▶ _Your instructions_: In the records below, reproduce exactly the lines from the one containing "Nueva impermeables desechables" through the one containing "vail resorts, hotels", both included, and omit the pictures.

▶ _Data under study_:
-------------------------

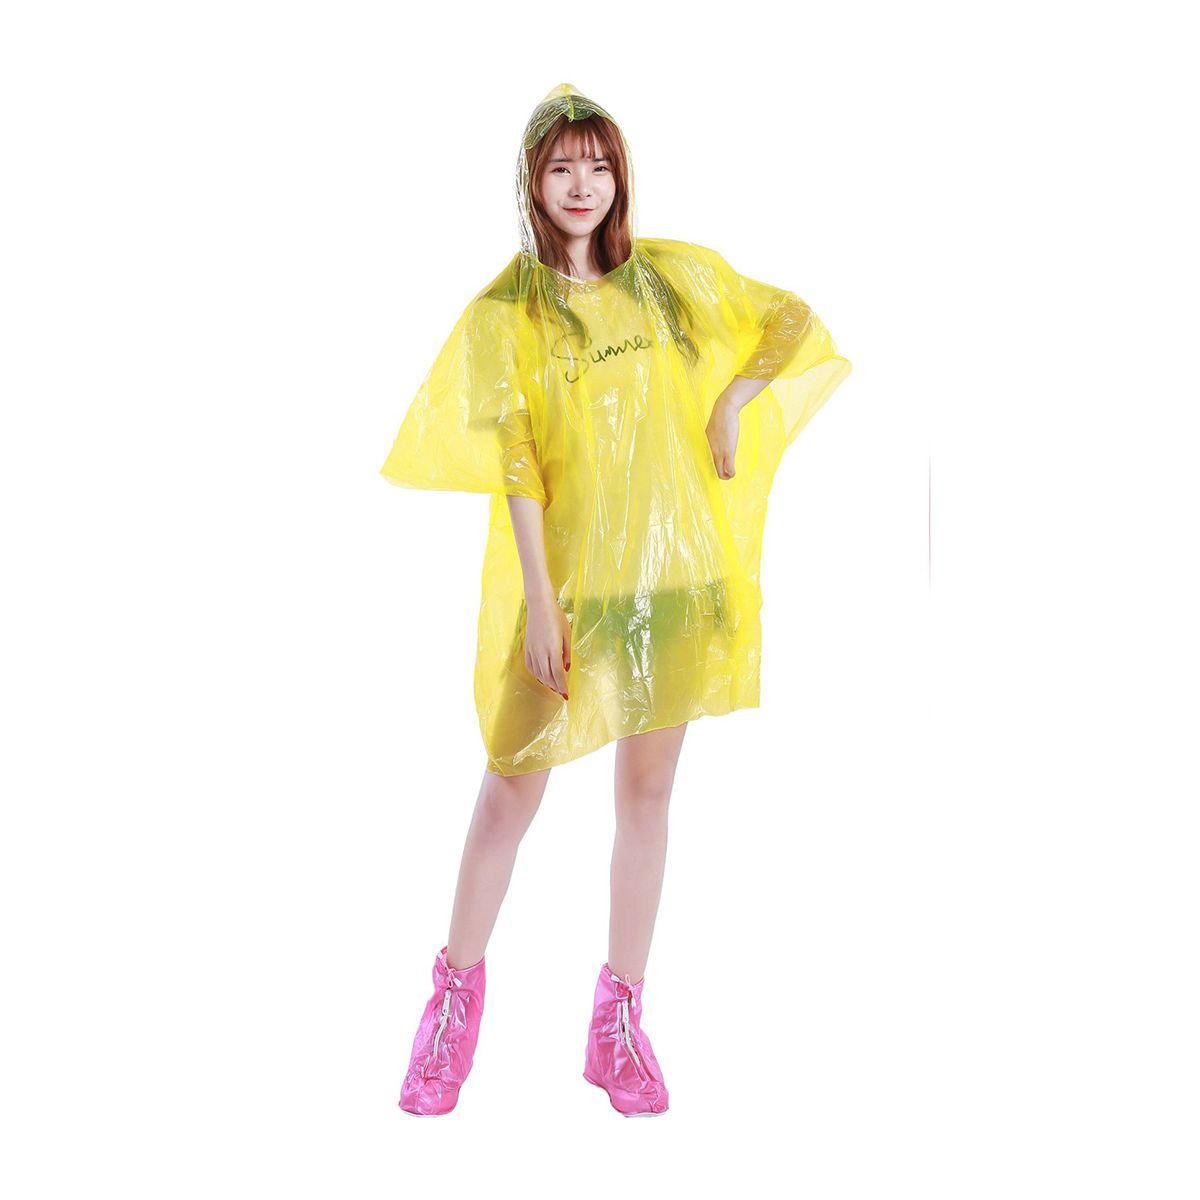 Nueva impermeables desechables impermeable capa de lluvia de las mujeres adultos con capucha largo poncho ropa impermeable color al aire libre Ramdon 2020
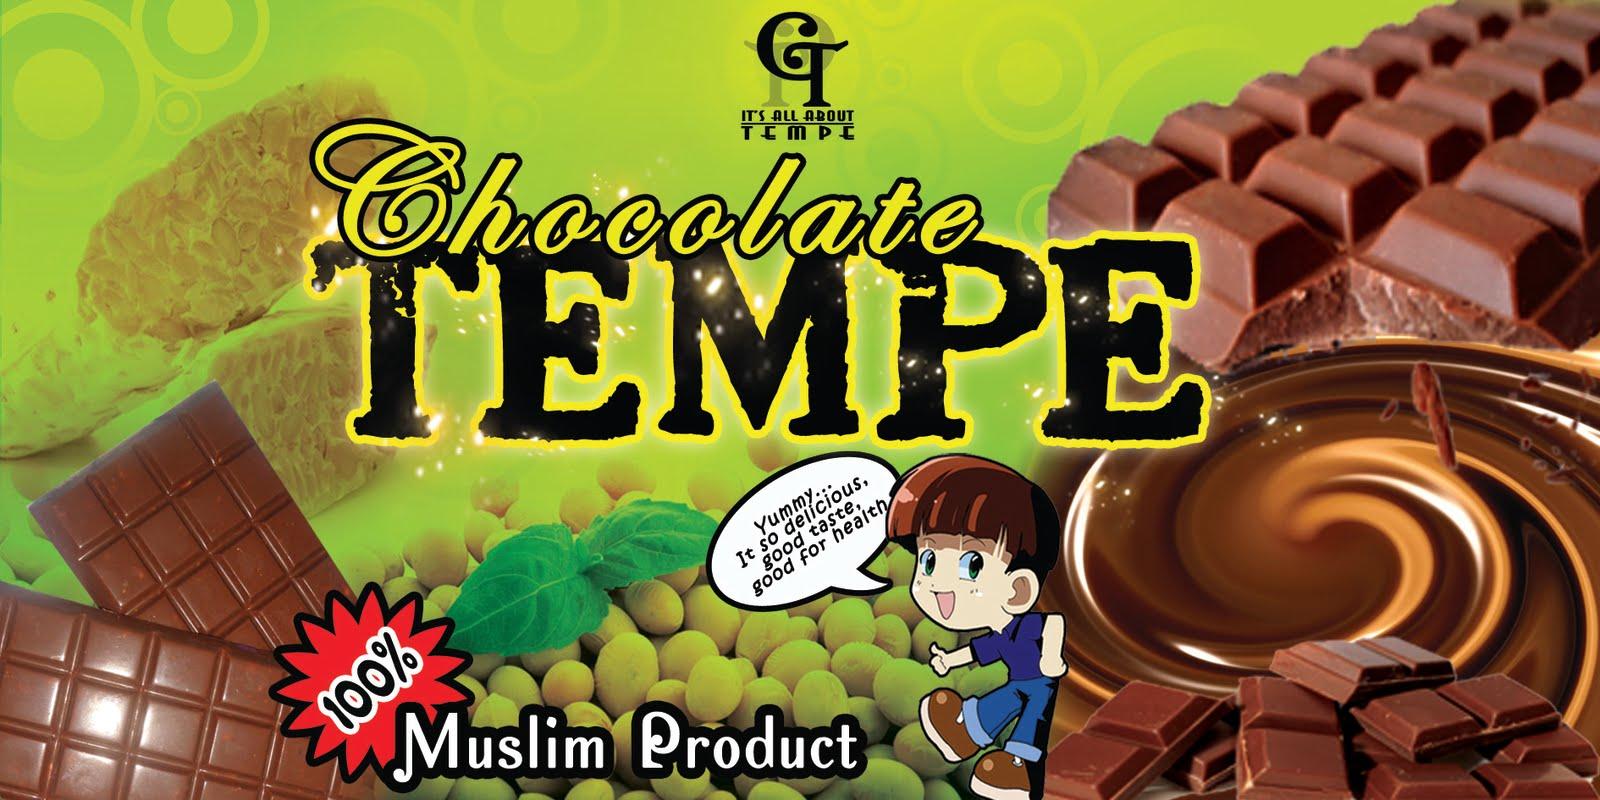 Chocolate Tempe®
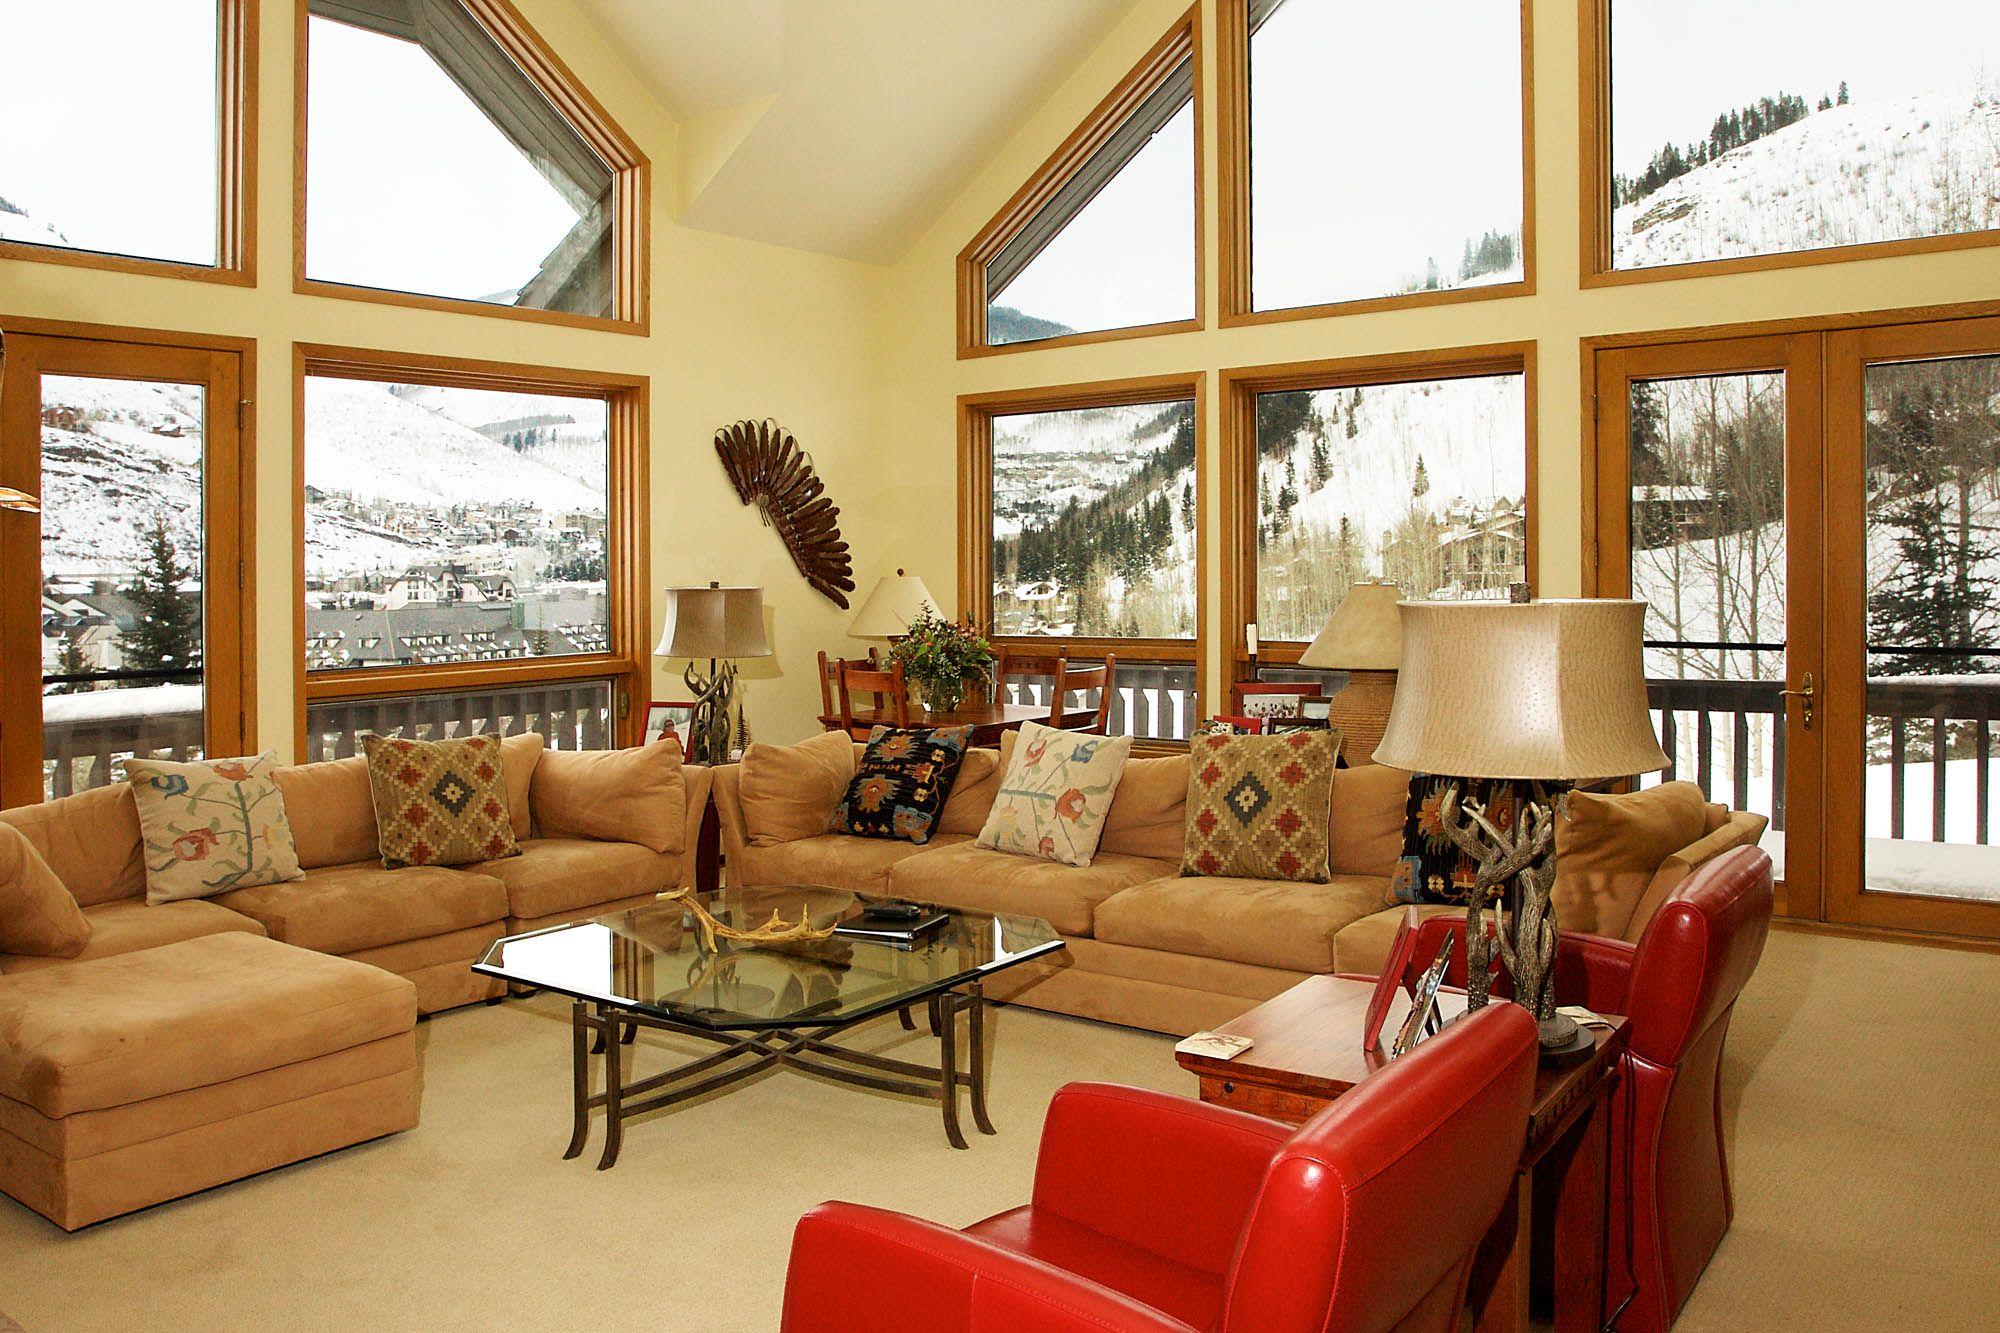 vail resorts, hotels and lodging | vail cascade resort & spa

-------------------------

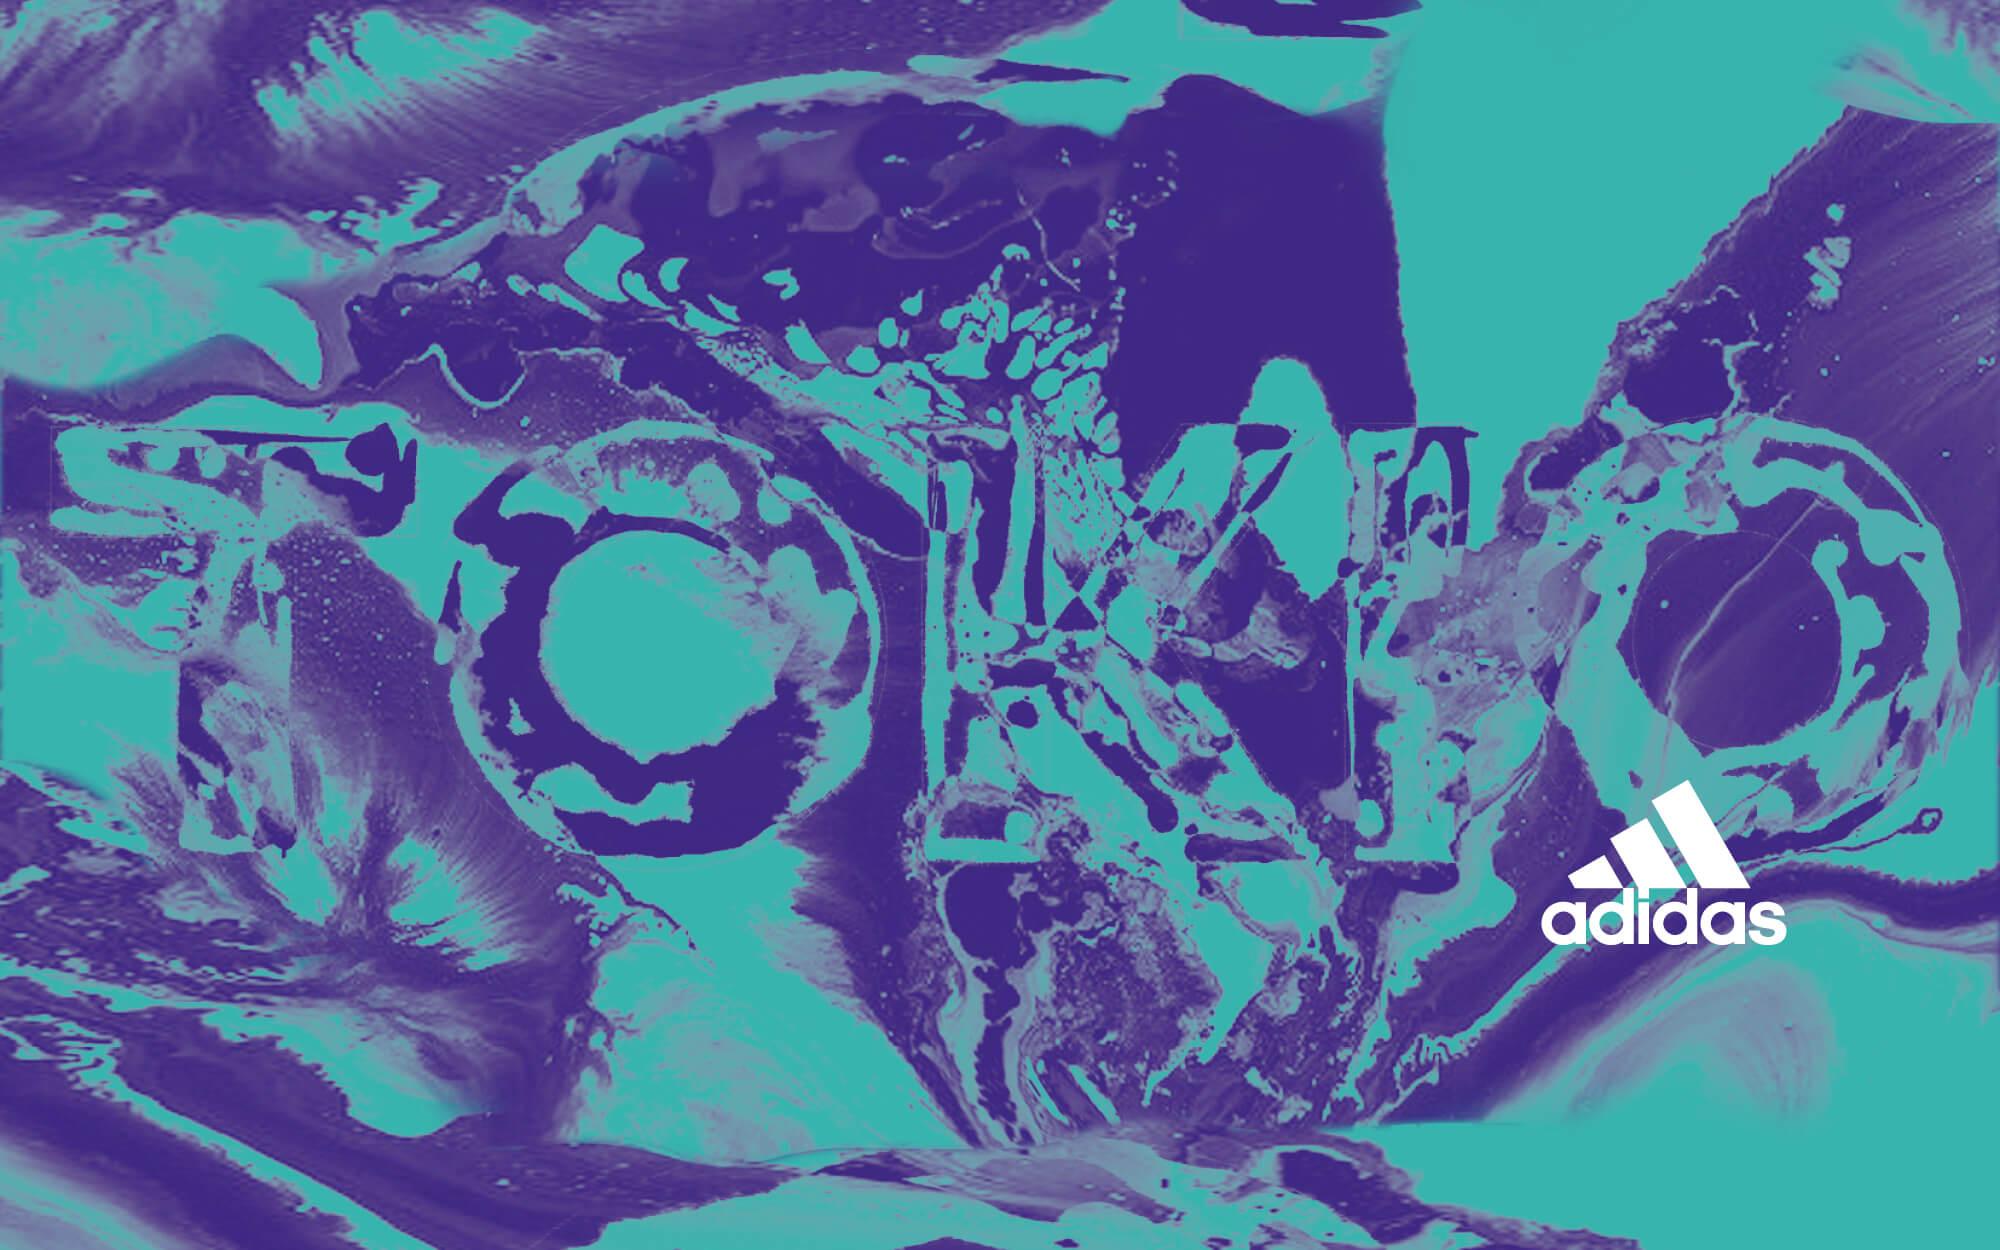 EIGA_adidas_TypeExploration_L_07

-------------------------

▶ _Solution to this problem_:
 Nueva impermeables desechables impermeable capa de lluvia de las mujeres adultos con capucha largo poncho ropa impermeable color al aire libre Ramdon 2020
 Chocolate Tempe®
 vail resorts, hotels and lodging | vail cascade resort & spa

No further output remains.